The study of gender politics and issues has been central to my education for as long as I can remember. I was a bit of a gender bender, traditionally speaking, in elementary and middle school. I always had very short hair and was a bit boyish, though not in the least bit athletic, and I didn't mind at all the corresponding ostracism that it always seemed to bring me. I was preternaturally self-assured, which I credit to my mother's need to stress the incredible importance of self acceptance from a very early age. In high school and college, all of my papers relating to "issues" usually linked themselves to my abhorrence for homophobia and gender inequity. I read Susan Brownmiller, Margaret Atwood, Susan Sontag, Inga Muscio, on and on, and I was obsessed. Though I was planning to major in English Literature, I knew, on a personal level, that gender politics would always come before my love of Walt Whitman, T.S. Eliot, Kant, Goethe, and the like, so here we are.
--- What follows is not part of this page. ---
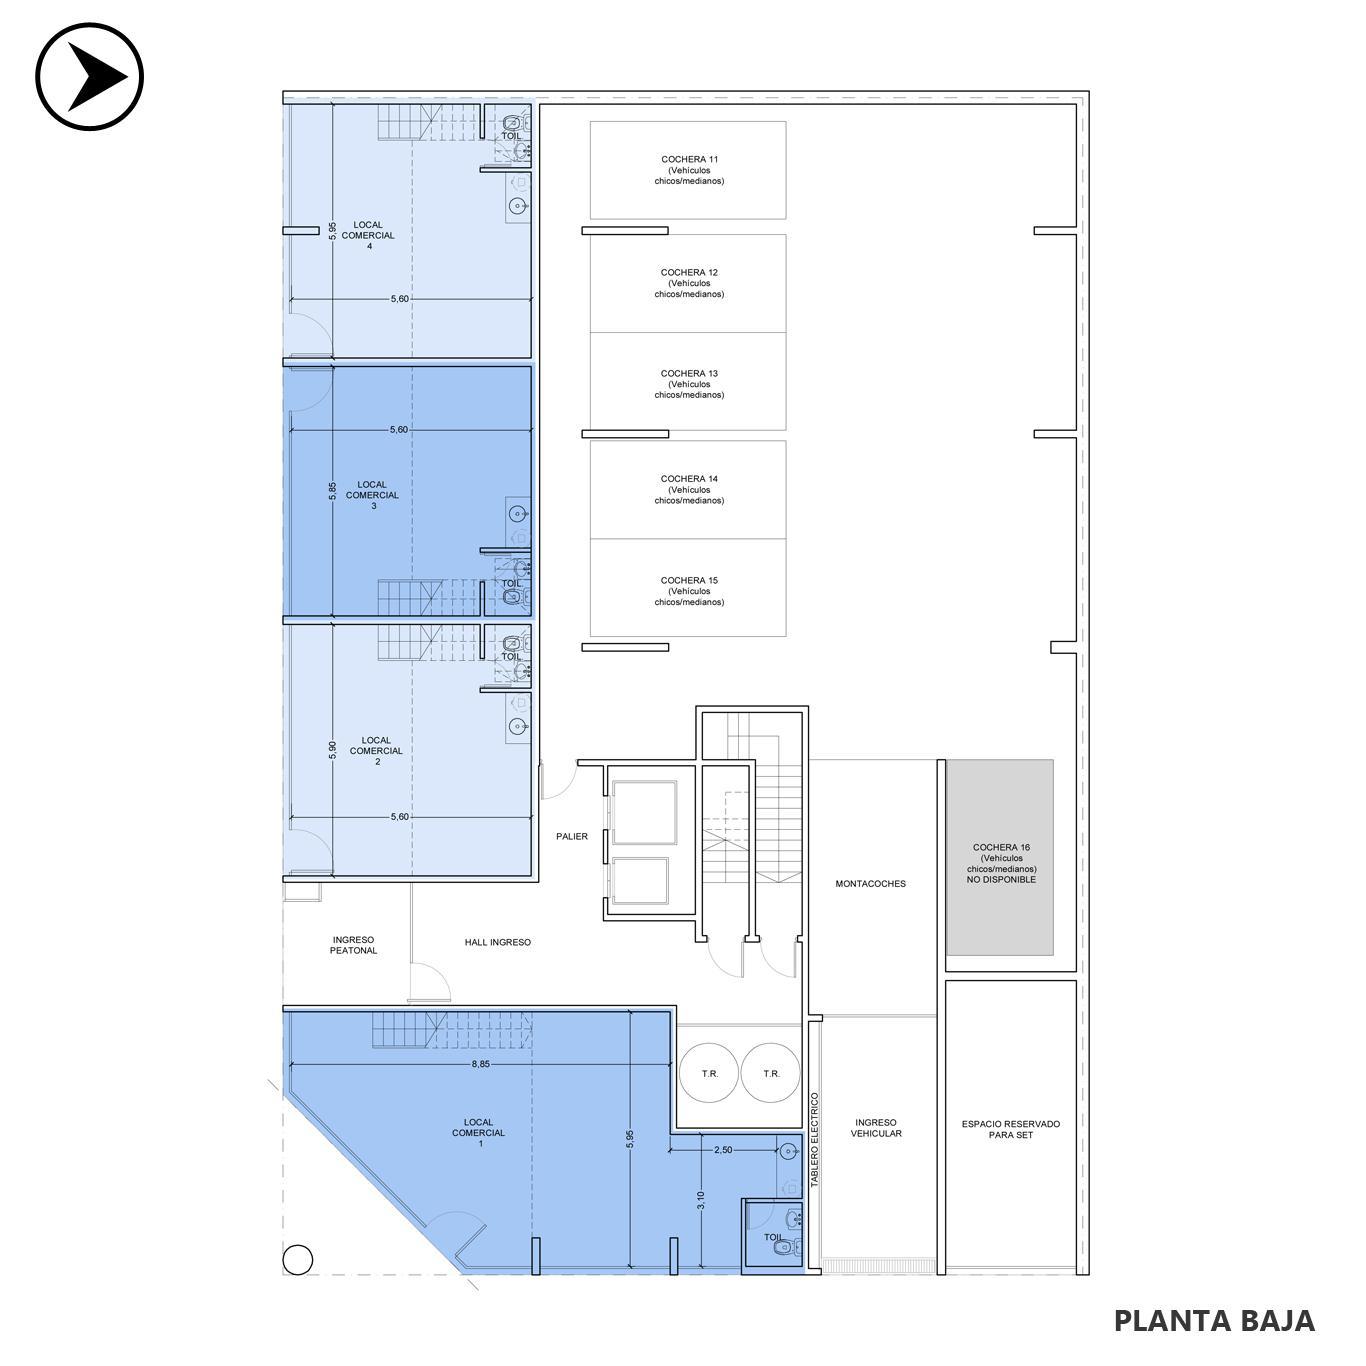 Venta departamento 1 dormitorio Rosario, República De La Sexta. Cod CBU24602 AP2290654. Crestale Propiedades

I had been aware of my peers trying to push me into constructed gender roles, but I was privileged enough to have progressive parents who did just the opposite, letting me dig around in the dirt wearing overalls practically from the time I could walk. The idea that other people weren't afforded this opportunity, to live outside of culturally constructed gender roles, was extremely bothersome to me, although I didn't really consider the consequences concerning deviation from traditional masculine gender roles until I met my boyfriend. His influence, as he is frankly often more sensitive than I am and has suffered the consequences from his peers not being receptive to this perceived "softness," has led me to view gender-based social constructs as detrimental by both tokens.
At this point in my life, I view a lot of my choices concerning my gender and sexuality to be progressive on a very personal level. My comfort zone has become much more traditionally feminine (i.e. I will always prefer wearing a dress over pants, and I have become incredibly domestic, to the point where I plan to procure a second bachelor's in Culinary Arts after I finish at UCF), and I feel incredibly privileged to be able to make these choices on my own, rather than being forced into a compulsory domestic situation. I know I owe that to feminism. Additionally, I don't view any of my opinions as defined by or tied to my gender, and I think I can credit that to the advances of the women's movement as well. I am a (cis) woman, but unlike Simone de Beavoir and the women of her age, I believe I am offered the luxury not to be defined by this, although perhaps saying so is youthful idealism.
As for what I want to learn about Women's Studies, I hope to be a sponge in all of my classes (I'm taking Intro, Third Wave Feminisms, Theories of Masculinity, and Professor Tweed's Research in Women and Gender, and I'm sure there will be a lot of overlap). Because I've already read a lot of theory on my own time (currently reading The Feminine Mystique to brush up on my second wave history/theory) and know the history pretty well, I expect to learn more in the service learning component of this class, as I'm a bit lazy and activism is a challenging idea for me, truthfully. I guess time will tell, but I couldn't be more excited.
Here's a bit of my life in pictures. As I mentioned, I cook, so I think it would be apropos to include photo documentation.
Mascarpone-filled cake with sherried berries for my dad's birthday.
Grilled Mahi-Mahi with Thai coconut sauce, jasmine rice, and Thai cucumber salad.
Pavlova with lemon curd and mixed berries.
And since I directly mentioned him, here's a picture of my boyfriend and me. He's my best friend and probably my greatest personal influence, so pardon me if I reference him often, or if I'm unintentionally quite verbose.
Oh, and I have read, understood, and agreed to the terms of the course syllabus and the blogging protocols.